• **ABOUT THIS EXERCISE**: Transcribe all the data below exactly, leaving its pictures out.

• **DATA SEGMENT**:
****************************************

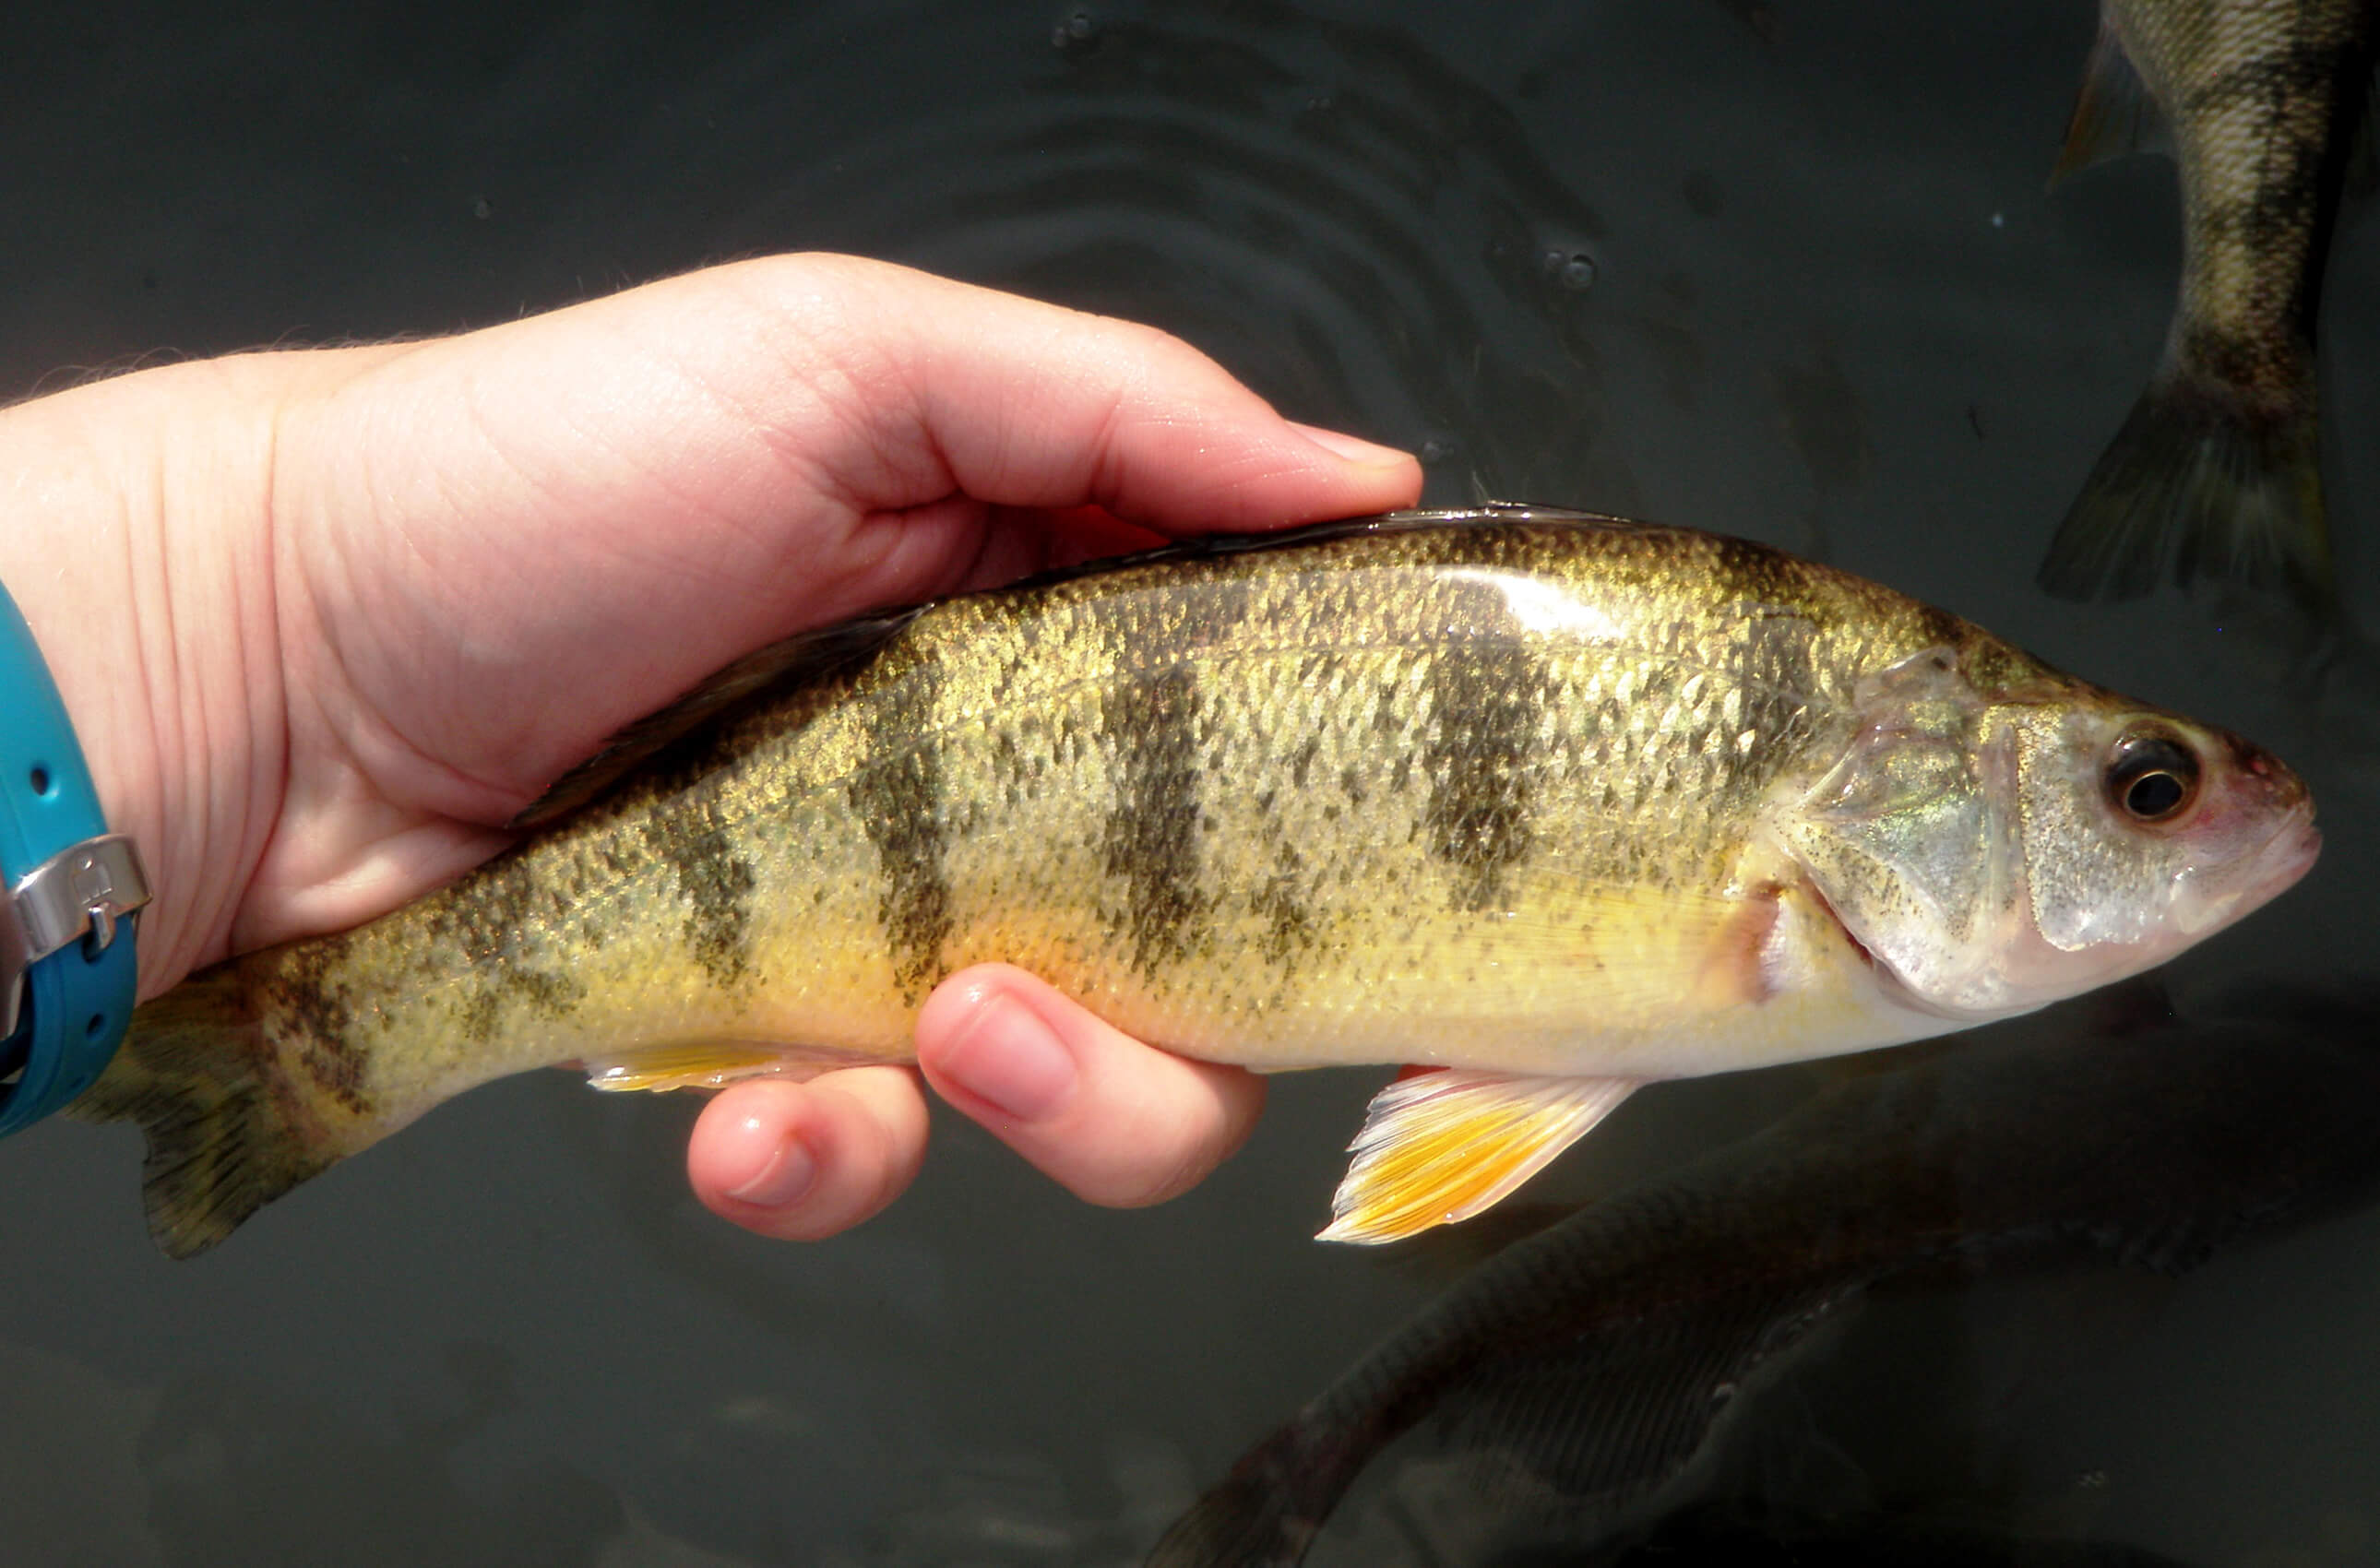 Surprise finding: Lake Michigan perch quickly changed course of
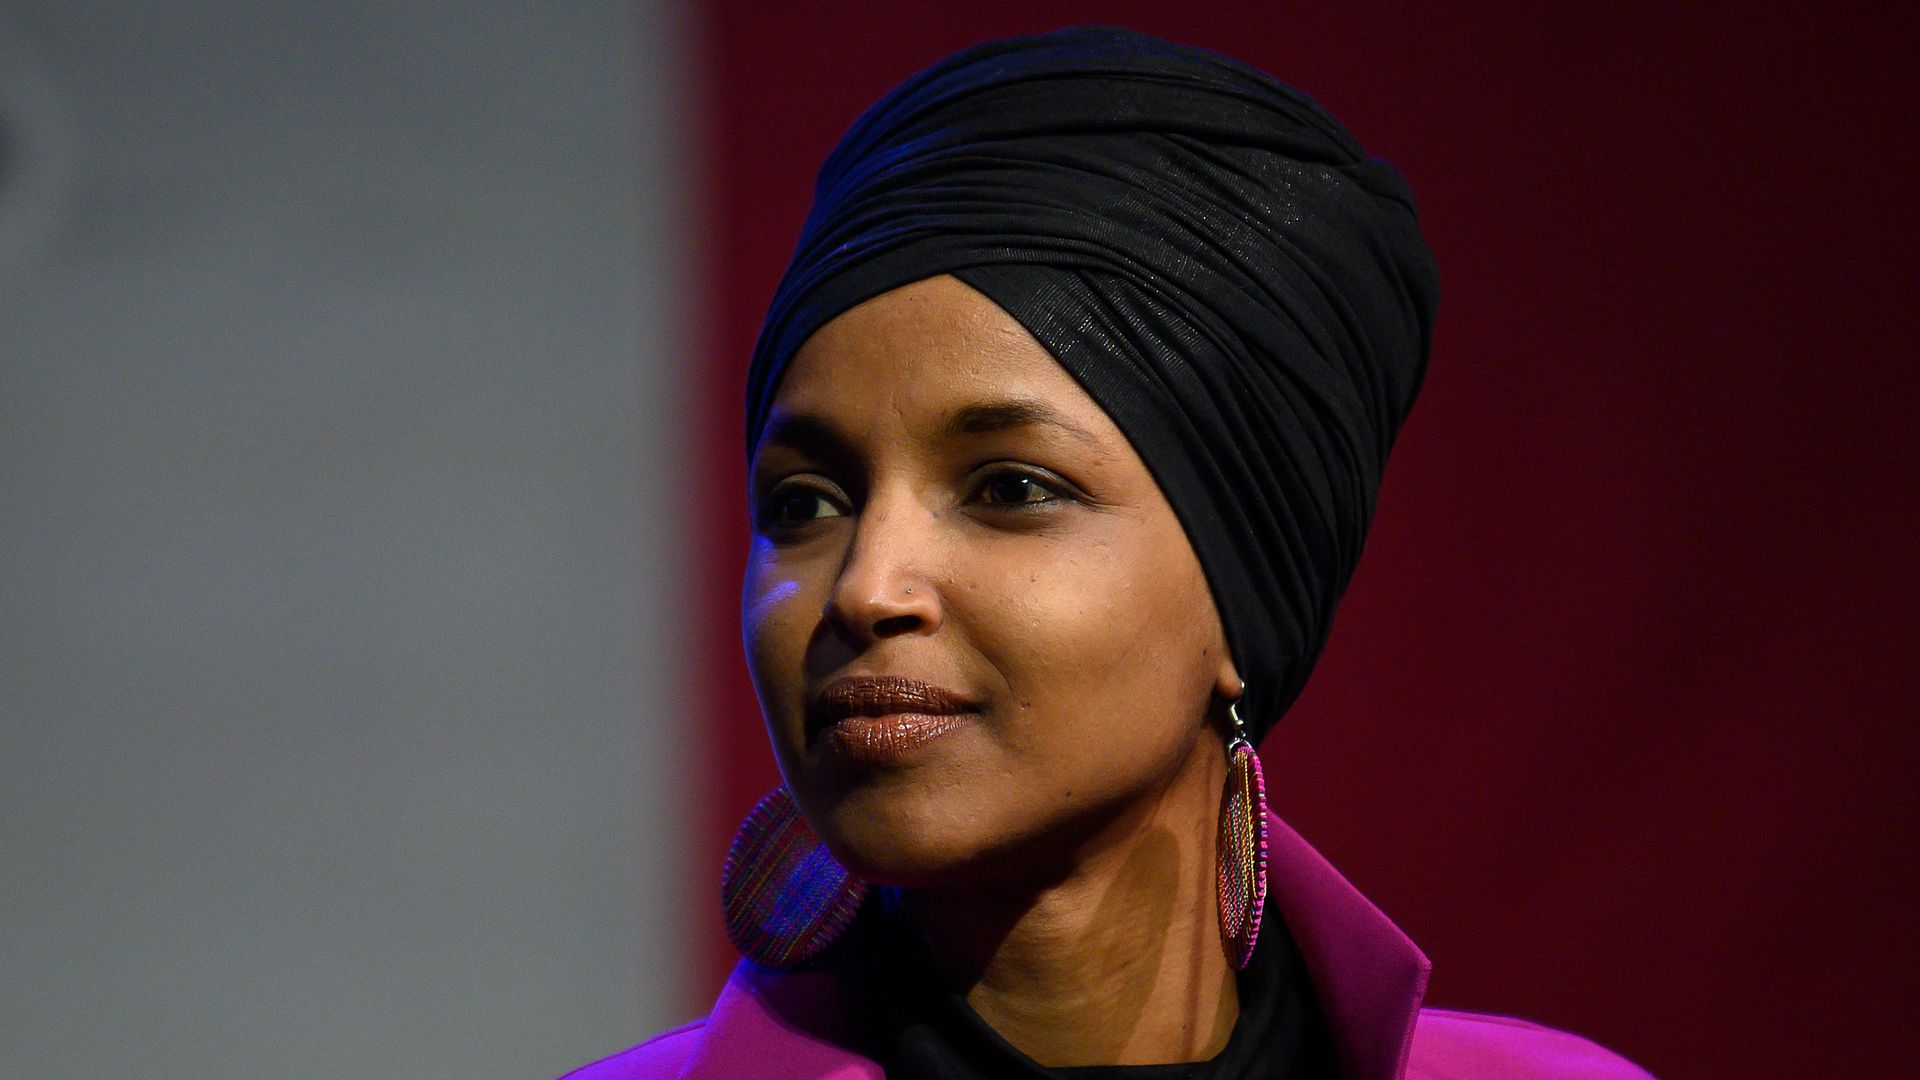 Congresswoman Ilhan Omar speaks to supporters of Democratic presidential candidate Senator Bernie Sanders at a campaign event in Clive, Iowa, on January 31
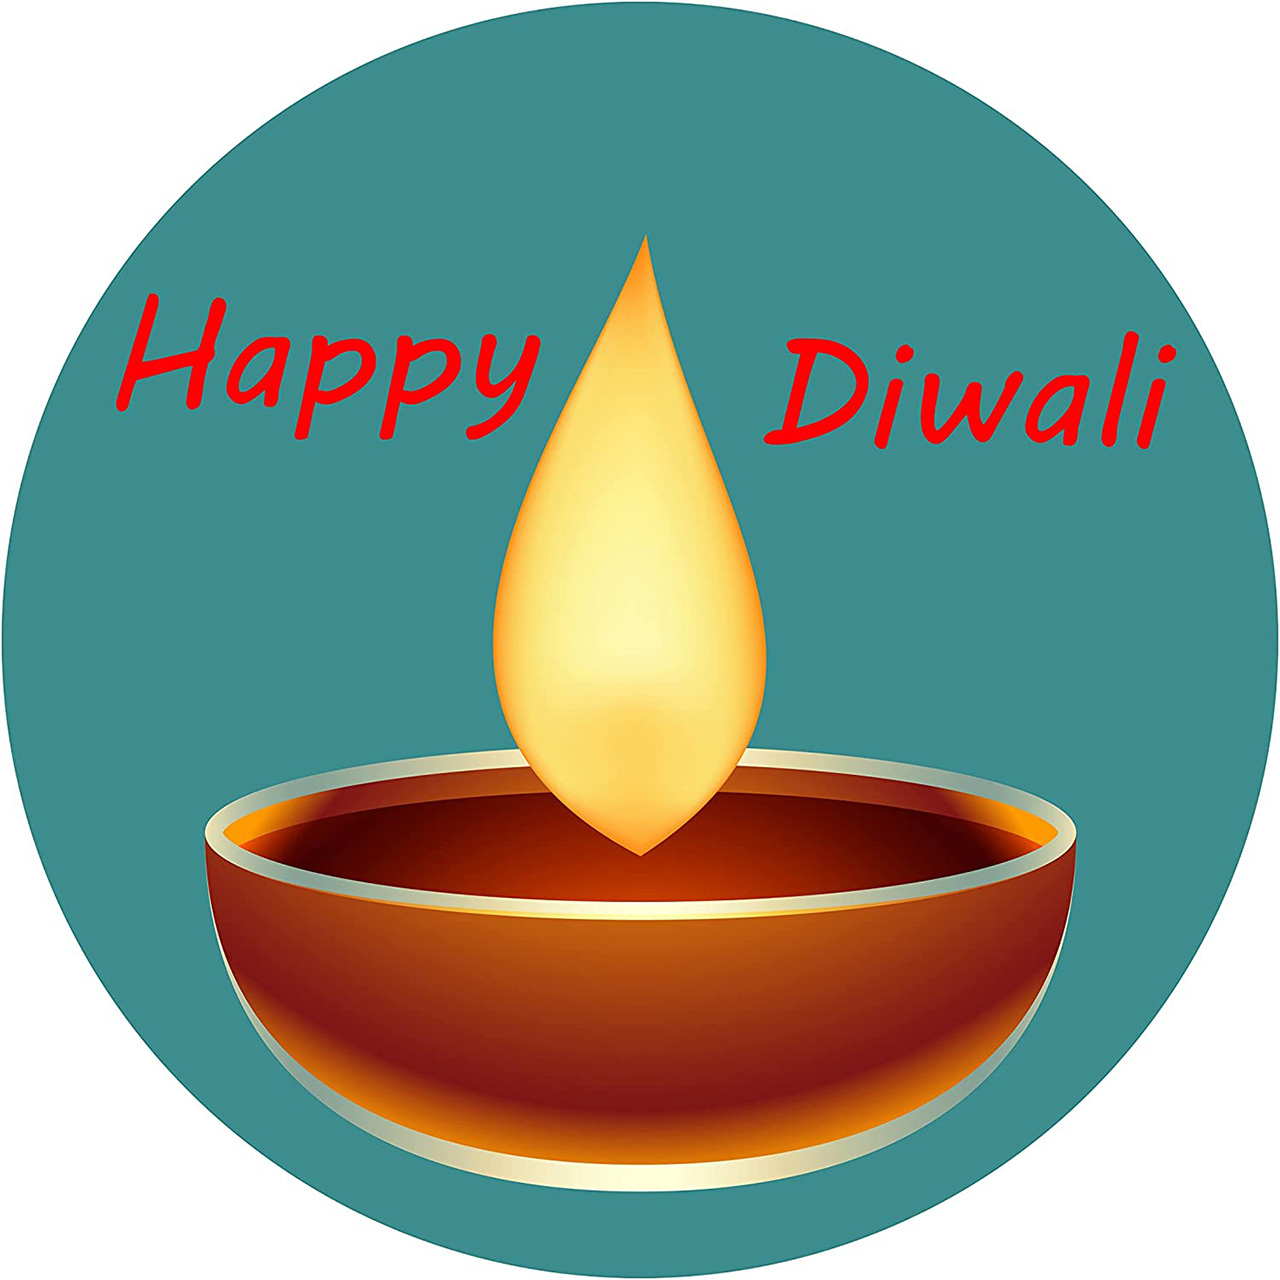 Diwali Stickers Ideal for Gift Wrapping Diwali Stickers for Gift Bag Happy Diwali Vinyl Sticker
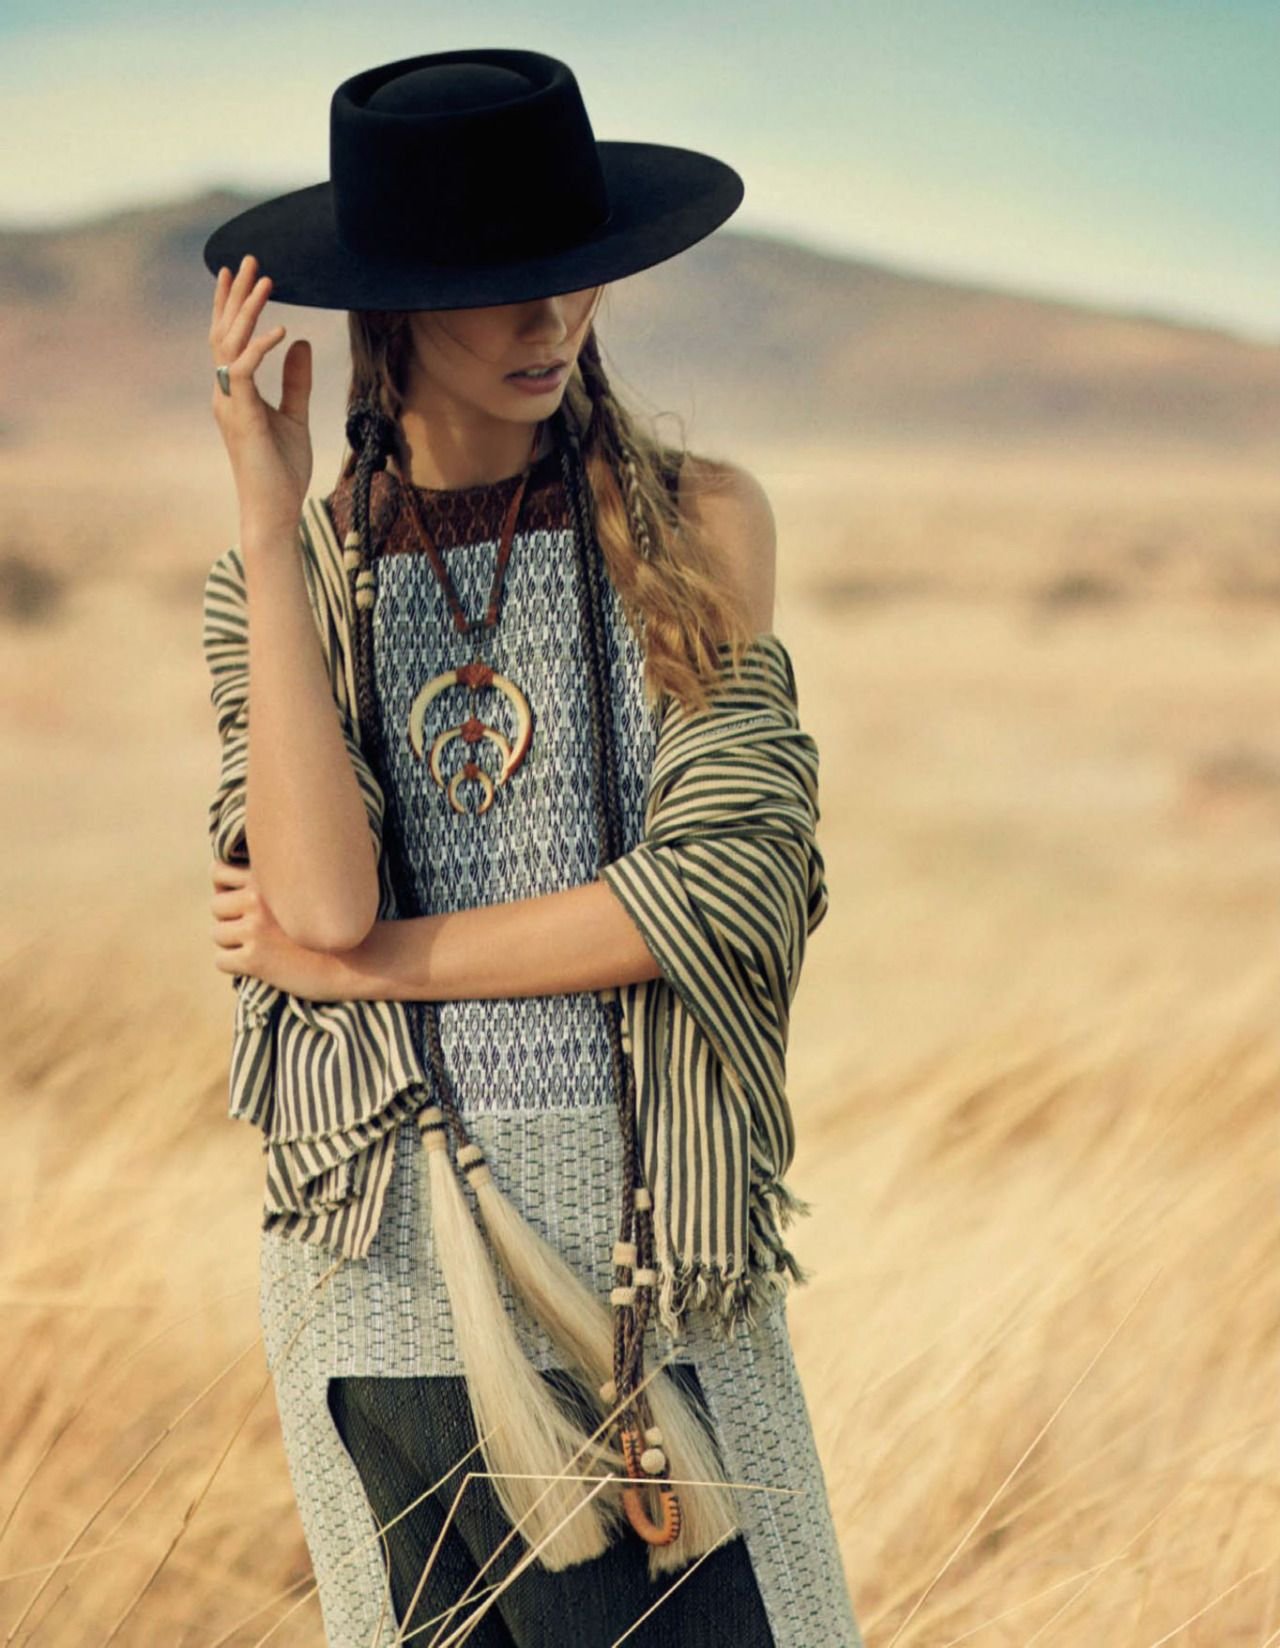 Boho style skirts » Wallpapers and Images

****************************************

• **TASK RESULT**:
 Surprise finding: Lake Michigan perch quickly changed course of
 Congresswoman Ilhan Omar speaks to supporters of Democratic presidential candidate Senator Bernie Sanders at a campaign event in Clive, Iowa, on January 31
 Diwali Stickers Ideal for Gift Wrapping Diwali Stickers for Gift Bag Happy Diwali Vinyl Sticker
 Boho style skirts » Wallpapers and Images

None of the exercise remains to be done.